Sign up here for a 14-Day Free Trial!

Redshift Schedule Query: Scheduling SQL Queries Redshift: Using Console

Amazon Redshift console can be used to extract data from a table on a regular interval into Amazon Simple Storage Service (Amazon S3) by scheduling an UNLOAD command to run the export of this data from the tables to the data lake on Amazon S3. To use the console to perform Redshift Schedule Query, do the following:

  • Step 1: Sign in to the console. Ensure that the IAM user has been granted the necessary permission.
  • Step 2: On the Amazon Redshift console, open the query editor and type in the sample code below.
unload ('select * from edw.trxns')
to 's3://mybucket/'
iam_role 'arn:aws:iam::{ACCOUNT_ID}:role/{ROLE_NAME_2}'
PARQUET
PARTITION BY (trxn_dt);
;
  • Step 3: After typing the code, select Schedule.
  • Step 4: Choose the role you created earlier in the Scheduler permission section for the IAM role as seen in the image below.
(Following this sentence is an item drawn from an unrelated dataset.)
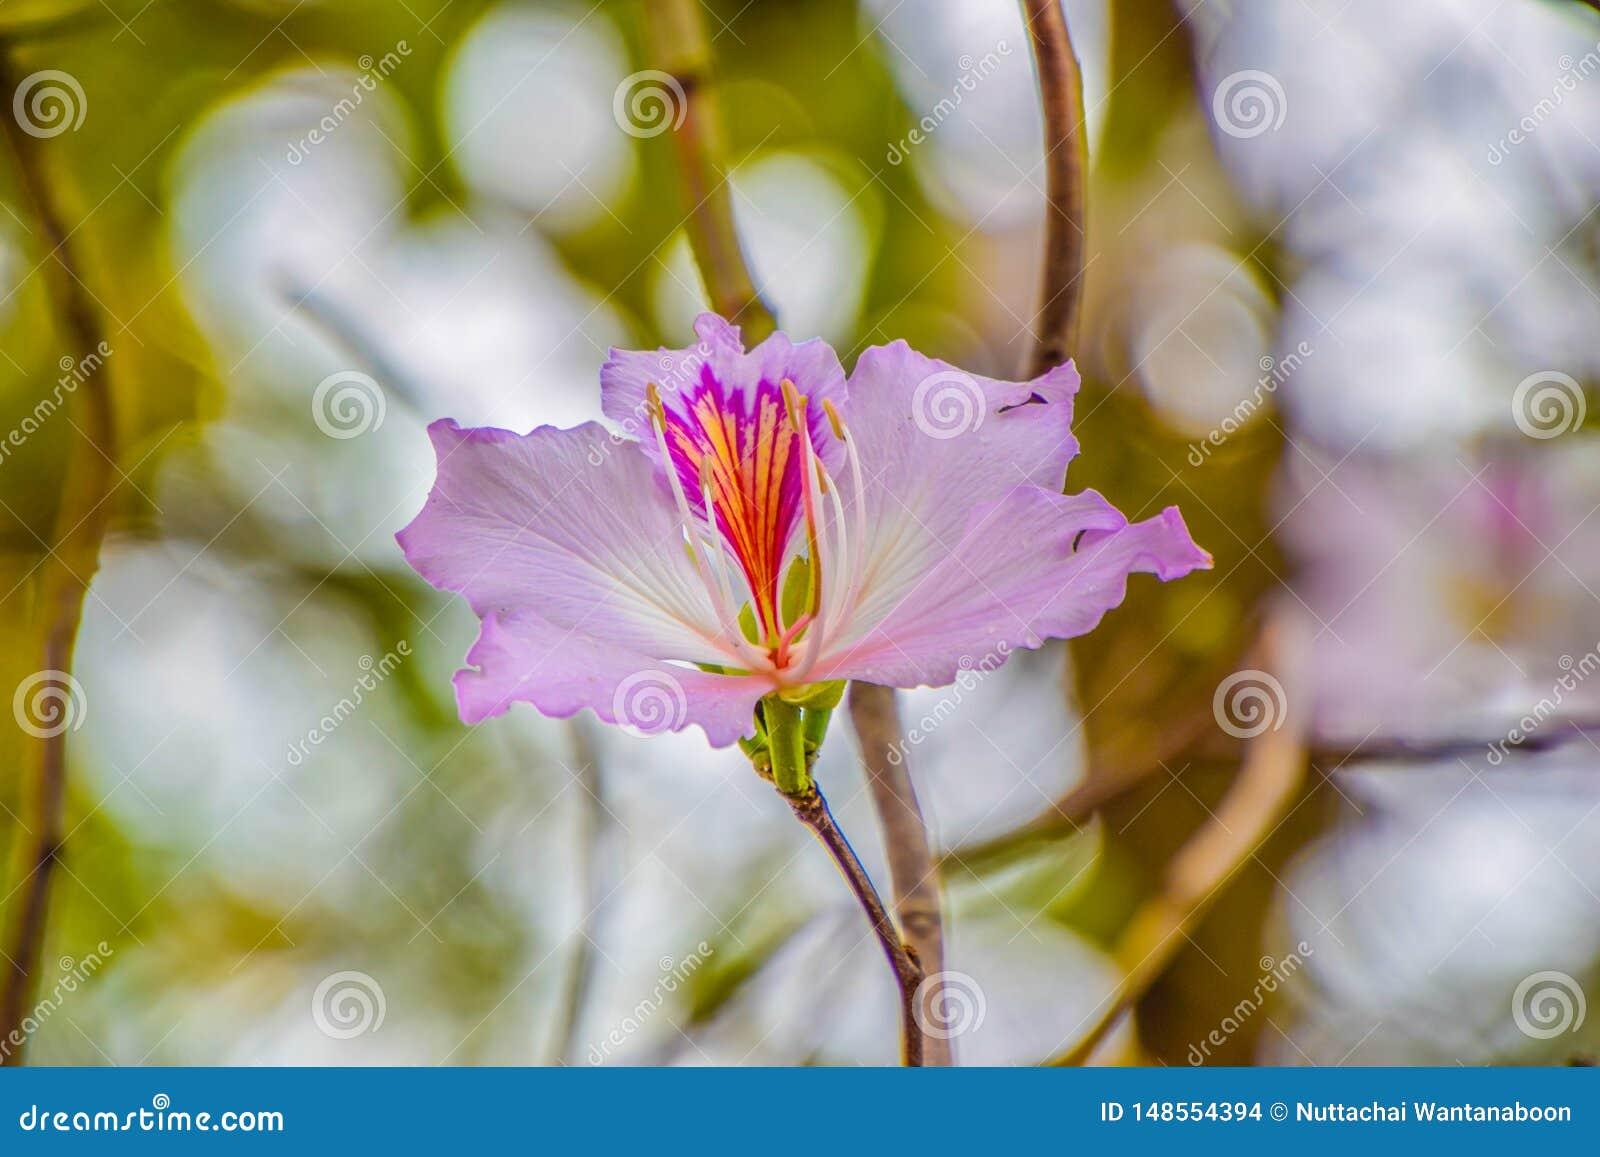 Όμορφο λουλούδι στο δέντρο, επιστημονικό όνομα: Το variegata Bauhinia, κλείνει επάνω του πορφυρού λουλουδιού στο θολωμένο υπόβαθρ

The image covers steps 4 – 7.
Scheduler Permissions
Image Source
  • Step 5: Select AWS Secrets Manager for Authentication.
  • Step 6: Choose the Secret which contains the database username and password which you configured as a condition for scheduling. 
  • Step 7: Enter a name for the Database name.
  • Step 8: Enter a name for the query in the Query Information section for the Scheduled query name as seen below.
Query Information
Image Source
  • Step 9: Enter the SQL code in the SQL query box as shown above.
  • Step 10: Select Run Frequency for Schedule query by in the Scheduling options section as seen below. The image below covers steps 10 – 13.
Redshift Schedule Query options
Image Source
  • Step 11: Select an option of your choice for Repeat by from the drop-down menu example Day.
  • Step 12: Repeat every is used to select an option for the number of times the scheduled SQL query will run. In the image above, it indicates the number of days as Day was selected earlier and it must be an integer from 1-999.
  • Step 13: For Repeat at the time (UTC), enter a time of your choice as seen above.
  • Step 14: Finally, you can choose to enable notifications via email or texting in the Monitoring section using Amazon Simple Notification Service (Amazon SNS).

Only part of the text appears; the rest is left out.